Task statement | Where a line in the records below contains the string "White", tally it; give only the final number.

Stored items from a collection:
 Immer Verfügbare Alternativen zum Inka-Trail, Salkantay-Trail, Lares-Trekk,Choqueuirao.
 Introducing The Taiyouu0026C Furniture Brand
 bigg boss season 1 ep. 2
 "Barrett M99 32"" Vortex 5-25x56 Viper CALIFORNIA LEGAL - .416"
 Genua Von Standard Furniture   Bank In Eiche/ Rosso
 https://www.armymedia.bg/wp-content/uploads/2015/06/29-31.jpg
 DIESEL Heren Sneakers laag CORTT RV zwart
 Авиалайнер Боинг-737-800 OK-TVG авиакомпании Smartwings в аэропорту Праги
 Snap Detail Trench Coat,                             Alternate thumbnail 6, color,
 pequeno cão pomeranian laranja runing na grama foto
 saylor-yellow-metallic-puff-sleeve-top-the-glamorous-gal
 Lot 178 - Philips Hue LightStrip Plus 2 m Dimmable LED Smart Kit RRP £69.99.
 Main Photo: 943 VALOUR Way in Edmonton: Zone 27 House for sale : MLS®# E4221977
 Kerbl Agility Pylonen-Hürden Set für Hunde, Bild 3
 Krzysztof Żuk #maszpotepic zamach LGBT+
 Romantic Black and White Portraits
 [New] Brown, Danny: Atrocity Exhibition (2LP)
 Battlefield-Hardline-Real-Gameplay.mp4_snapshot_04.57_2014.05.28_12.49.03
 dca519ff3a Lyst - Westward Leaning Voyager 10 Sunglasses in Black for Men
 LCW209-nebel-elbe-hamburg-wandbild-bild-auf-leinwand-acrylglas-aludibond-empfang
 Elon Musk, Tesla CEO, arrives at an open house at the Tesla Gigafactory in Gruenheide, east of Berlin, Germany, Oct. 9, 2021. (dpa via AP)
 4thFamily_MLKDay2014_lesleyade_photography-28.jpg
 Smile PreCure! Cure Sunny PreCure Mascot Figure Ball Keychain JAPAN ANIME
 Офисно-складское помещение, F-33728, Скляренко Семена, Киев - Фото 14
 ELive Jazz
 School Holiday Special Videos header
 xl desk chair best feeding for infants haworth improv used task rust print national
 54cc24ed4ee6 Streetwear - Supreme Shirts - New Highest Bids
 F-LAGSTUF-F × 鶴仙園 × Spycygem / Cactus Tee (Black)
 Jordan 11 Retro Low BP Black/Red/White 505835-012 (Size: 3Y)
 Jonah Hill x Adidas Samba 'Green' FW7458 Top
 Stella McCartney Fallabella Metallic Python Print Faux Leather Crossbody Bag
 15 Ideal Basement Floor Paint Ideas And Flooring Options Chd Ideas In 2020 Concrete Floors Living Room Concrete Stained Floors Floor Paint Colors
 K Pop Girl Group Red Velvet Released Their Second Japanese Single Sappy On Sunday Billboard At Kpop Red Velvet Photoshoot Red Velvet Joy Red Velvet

Answer to the exercise | 2